FIGURE 3The prediction accuracy within the one two-fold dilution, essential agreement (EA), and the category agreement (CA) of all antimicrobial agents.
The AUC (Area Under Curve), sensitivity, specificity, negative predictive value (NPV), positive predictive value (PPV), very major error (VME), and major error (ME) of the prediction results of all antimicrobial agents evaluated in this study.
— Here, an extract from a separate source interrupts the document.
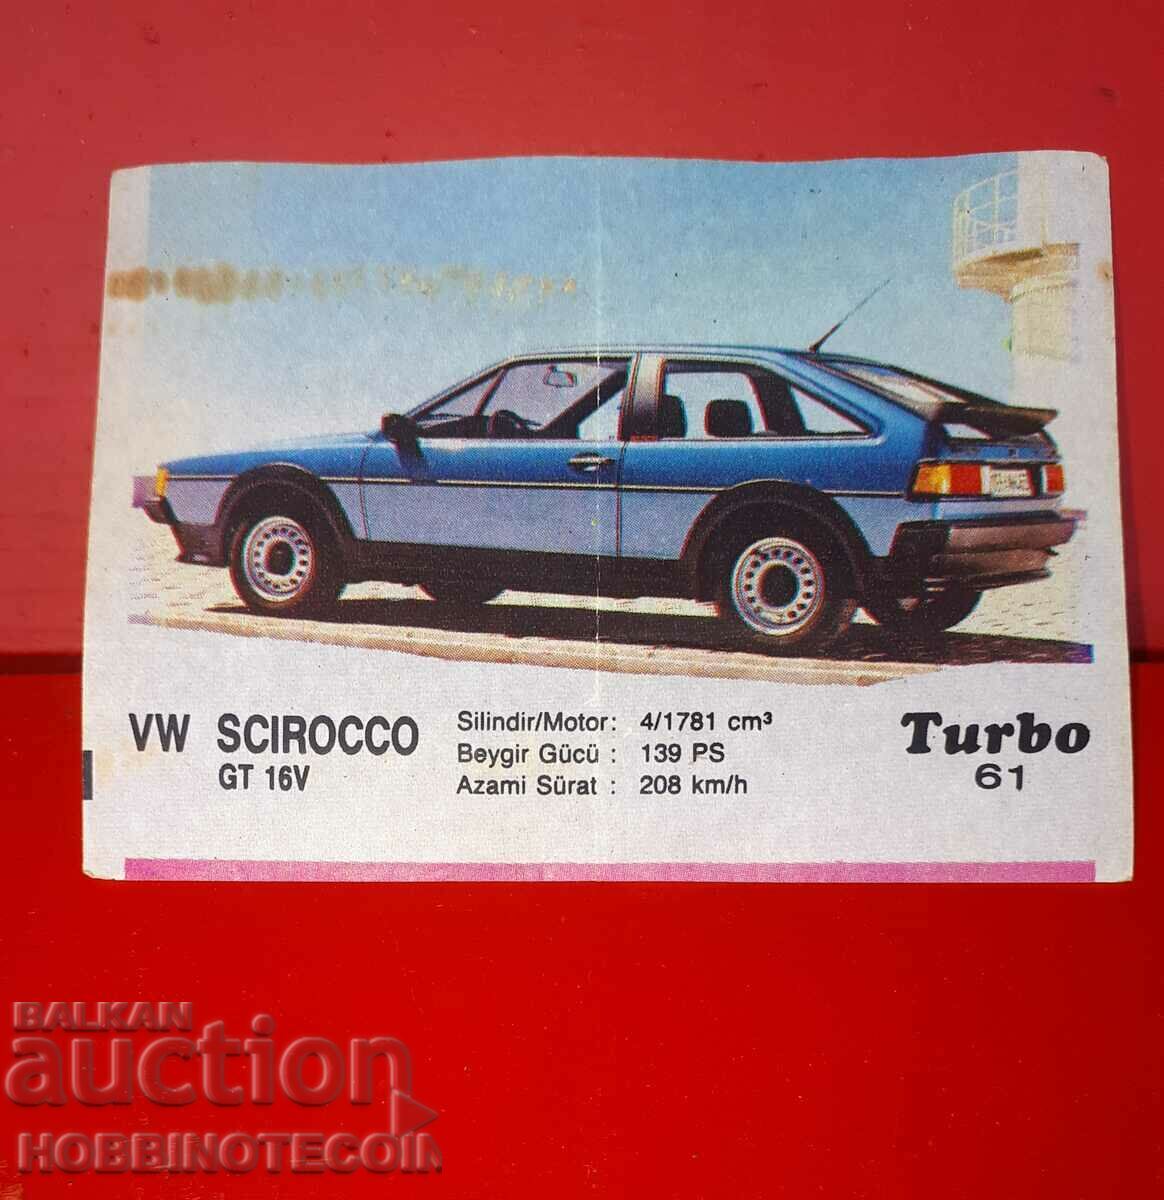 ΕΙΚΟΝΑ TURBO TURBO N 61 VW SCIROCCO GT 16V

| Antimicrobial agents | AUC (%) | Sensitivity (%) | Specificity (%) | NPV (%) | PPV (%) | VME (%) | ME (%) |
| Clindamycin | 94.61 | 91.30 | 97.92 | 92.16 | 97.67 | 8.70 | 2.08 |
| Cefoxitin | 92.65 | 94.00 | 93.18 | 93.18 | 94.00 | 6.00 | 6.82 |
| Oxacillin | 94.47 | 86.96 | 80.28 | 95.00 | 58.82 | 13.04 | 20.59 |
| Levofloxacin | 88.99 | 100.00 | 88.00 | 100.00 | 67.86 | 0.00 | 12.00 |
| Trimethoprim-Sulfamethoxazole | 92.77 | 100.00 | 98.92 | 100.00 | 50.00 | 0.00 | 1.08 |
| Vancomycin | 96.13 | - | 100.00 | 100.00 | - | - | 0.00 |
| Linezolid | 82.02 | - | 100.00 | 100.00 | - | - | 0.00 |
| Erythromycin | 94.83 | 96.49 | 85.29 | 93.55 | 91.67 | 3.51 | 14.71 |
| Daptomycin | 82.24 | - | 100.00 | 100.00 | - | - | 0.00 |
| Gentamicin | 85.46 | 100.00 | 91.67 | 100.00 | 66.67 | 0.00 | 8.33 |
FIGURE 4Scatter plot of MICs of cefoxitin (FOX) and oxacillin (OXA) and specific composition of OS-MRSA. On the left, the horizontal axis is the MICs of FOX for the isolates and the vertical axis is the MICs of OXA for the isolates. The figure depicts FOX MICs versus OXA MICs for Staphylococcus aureus. Green represents methicillin-susceptible Staphylococcus aureus (MSSA) and blue represents methicillin-resistant Staphylococcus aureus (MRSA) with Staphylococcal cassette chromosome mec (SCCmec) typing. Totally, 79 isolates were resistant to FOX and susceptible to OXA (OS-MRSA). The specific composition of these 79 isolates is shown in the table on the right; there were 56 ST59 isolates, accounting for the vast majority of OS-MRSA.
FIGURE 5Schematic workflow of this study. Traditional microbial identification and antimicrobial agent susceptibility rely on microbial culture technology, which is time-consuming and requires 4 days to obtain the antimicrobial susceptibility report. This study used whole genome sequencing and was 6-h faster than routine clinical testing.